First, let’s inspect the above output. Four representations are available, three of which share an important property: they’re all irreducible. On $C_4$, any non-irreducible representation can be decomposed into into irreducible ones. These irreducible representations are what escnn works with internally. Of those three, the most interesting one is the second. To see its action, we need to choose a group element. How about counterclockwise rotation by ninety degrees:

elem_1 <- r2_act$fibergroup$element(1L)
elem_1

1[2pi/4]

Associated to this group element is the following matrix:

r2_act$representations[[2]](elem_1)

             [,1]          [,2]
[1,] 6.123234e-17 -1.000000e+00
[2,] 1.000000e+00  6.123234e-17

This is the so-called standard representation,

\[ \begin{bmatrix} \cos(\theta) & -\sin(\theta) \\ \sin(\theta) & \cos(\theta) \end{bmatrix} \]
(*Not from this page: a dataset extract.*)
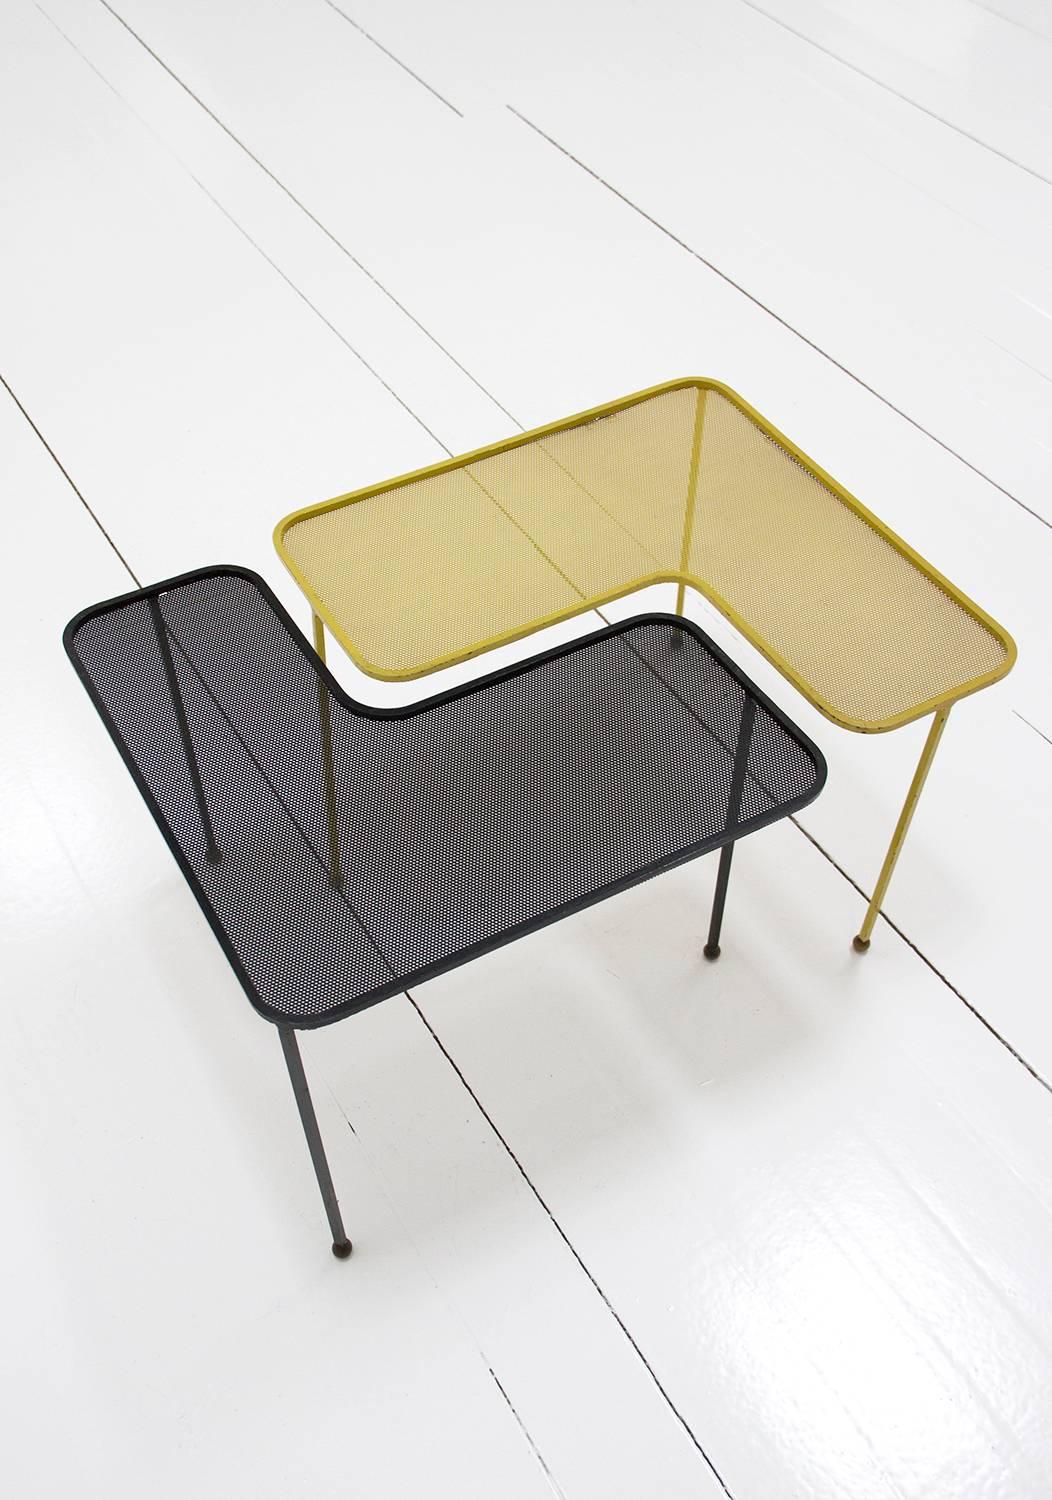 Mid-Century Modern Domino Table Designed by Mathieu Matégot Black and Yellow Metal, circa 1950 For Sale

, evaluated at $\theta = \pi/2$. (It is called the standard representation because it directly comes from how the group is defined (namely, a rotation by $\theta$ in the plane).

The other interesting representation to point out is the fourth: the only one that’s not irreducible.

r2_act$representations[[4]](elem_1)

[1,]  5.551115e-17 -5.551115e-17 -8.326673e-17  1.000000e+00
[2,]  1.000000e+00  5.551115e-17 -5.551115e-17 -8.326673e-17
[3,]  5.551115e-17  1.000000e+00  5.551115e-17 -5.551115e-17
[4,] -5.551115e-17  5.551115e-17  1.000000e+00  5.551115e-17

This is the so-called regular representation. The regular representation acts via permutation of group elements, or, to be more precise, of the basis vectors that make up the matrix. Obviously, this is only possible for finite groups like $C_n$, since otherwise there’d be an infinite amount of basis vectors to permute.

To better see the action encoded in the above matrix, we clean up a bit:

round(r2_act$representations[[4]](elem_1))

    [,1] [,2] [,3] [,4]
[1,]    0    0    0    1
[2,]    1    0    0    0
[3,]    0    1    0    0
[4,]    0    0    1    0

This is a step-one shift to the right of the identity matrix. The identity matrix, mapped to element 0, is the non-action; this matrix instead maps the zeroth action to the first, the first to the second, the second to the third, and the third to the first.

We’ll see the regular representation used in a neural network soon. Internally – but that need not concern the user – escnn works with its decomposition into irreducible matrices. Here, that’s just the bunch of irreducible representations we saw above, numbered from one to three.

Having looked at how groups and representations figure in escnn, it is time we approach the task of building a network.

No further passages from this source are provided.